A CpG, cg003488551, mapped to C7orf50 and DMR containing this CpG were reported to be associated with prenatal exposure to particulate air pollution in a meta-analysis by Gruzieva et al. [83]. Major air pollutants show seasonal patterns with highest concentrations in the indoor heating seasons of November to February (winter months) in the northern hemisphere [84]. It is possible the summer-born babies in the current study were exposed to indoor pollutants during most part of their in utero life. However, our study did not identify the same methylation signals in babies born in the higher latitude subgroup with extended and extreme winter conditions. This study also did not identify any known vitamin D-associated CpGs or genes mapped to DMRs in cohorts from the higher latitude (≥ 50°N).

Imprinted genes and metastable epialleles

Our study also identified DMRs associated with three imprinted genes in the at-birth analyses of the summer-born infants of the higher latitude, GNAS/GNAS-AS1, MEG3 and MEST (PEG1). Almost all the CpGs found in the DMRs of these imprinted genes were hyper-methylated. In addition to being season of birth and latitude specific (only in the summer-born babies of the higher latitude), they were not found in the older children from the higher latitude subgroup. However, a DMR associated with the MEST gene (mesoderm-specific transcript) was present both at birth (summer-born) and in early childhood (spring-born) from the higher latitude subgroup. Many imprinted genes function as regulators of embryonic or neonatal growth and may therefore influence a spectrum of heritable outcomes later in life. The majority of imprinted genes are expressed in the brain, and methylation of these genes in their imprinting control regions (ICRs) has been implicated in neuropsychiatric disorders (reviewed in [85]). For example, GNAS is a complex imprinted locus with five gene products and multiple DMRs in four of these genes. These DMRs are shown to be associated with a genetic disorder known as pseudohypoparathyroidism type-Ib (PHP-Ib) (reviewed in [86]). Furthermore, a UK Biobank GWAS study of 113,000 individuals with insomnia identified GNAS as a potential gene candidate in females [87]. A previous study reported that the retention of a sex-specific association between a hyper-methylated DMR associated with MEST and weight status from birth to early childhood [88].

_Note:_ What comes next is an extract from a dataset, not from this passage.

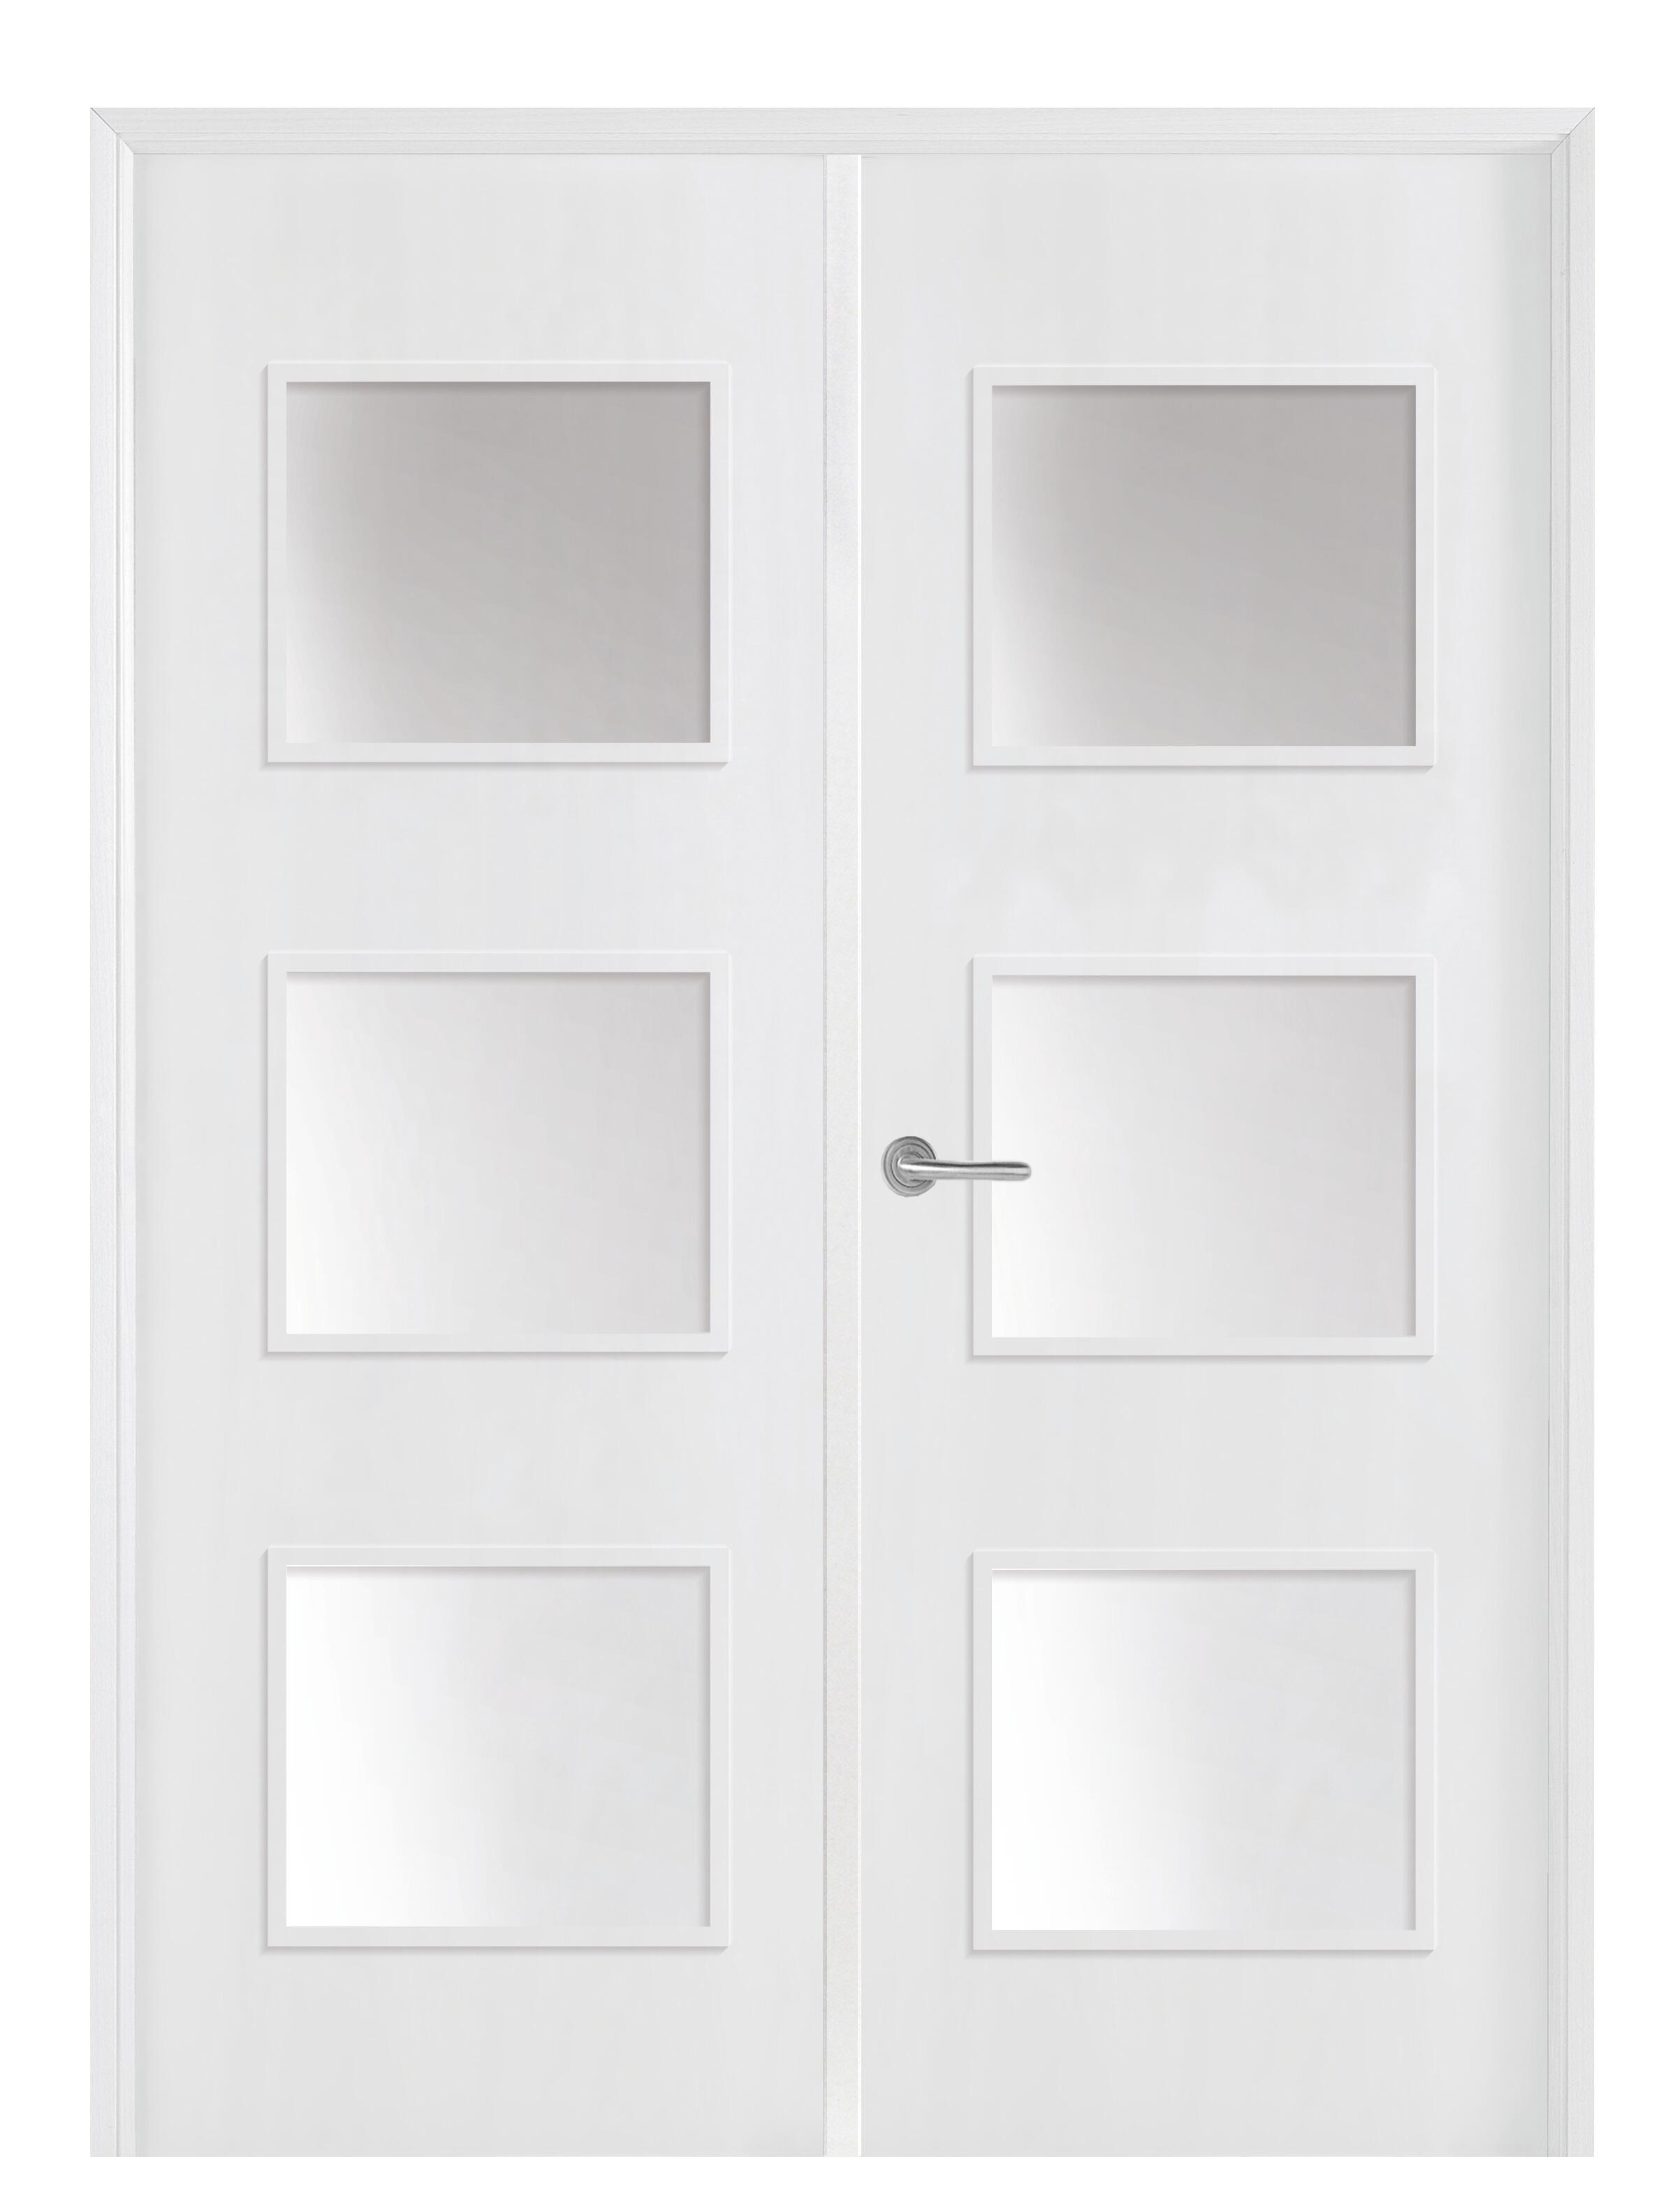 Puerta doble con cristal bari plus blanca 9x125cm (62+62) d

Metastable epialleles are variably methylated loci with cross-tissue methylation signatures indicative of establishment in the early embryo [44]. They, therefore, provide a useful tool for examining the timing of exposure driven DNAm changes in easily accessible tissues such as blood that may serve as a proxy for patterns of systemic methylation. Silver et al. demonstrated elevated DNAm levels at putative metastable epialleles in rural Gambian children who were conceived during the rainy season compared to those conceived in the dry season [47]. We checked for the enrichment of metastable epialleles in each of the seasons of birth, but none were found, providing no evidence for a season of conception effect at these loci.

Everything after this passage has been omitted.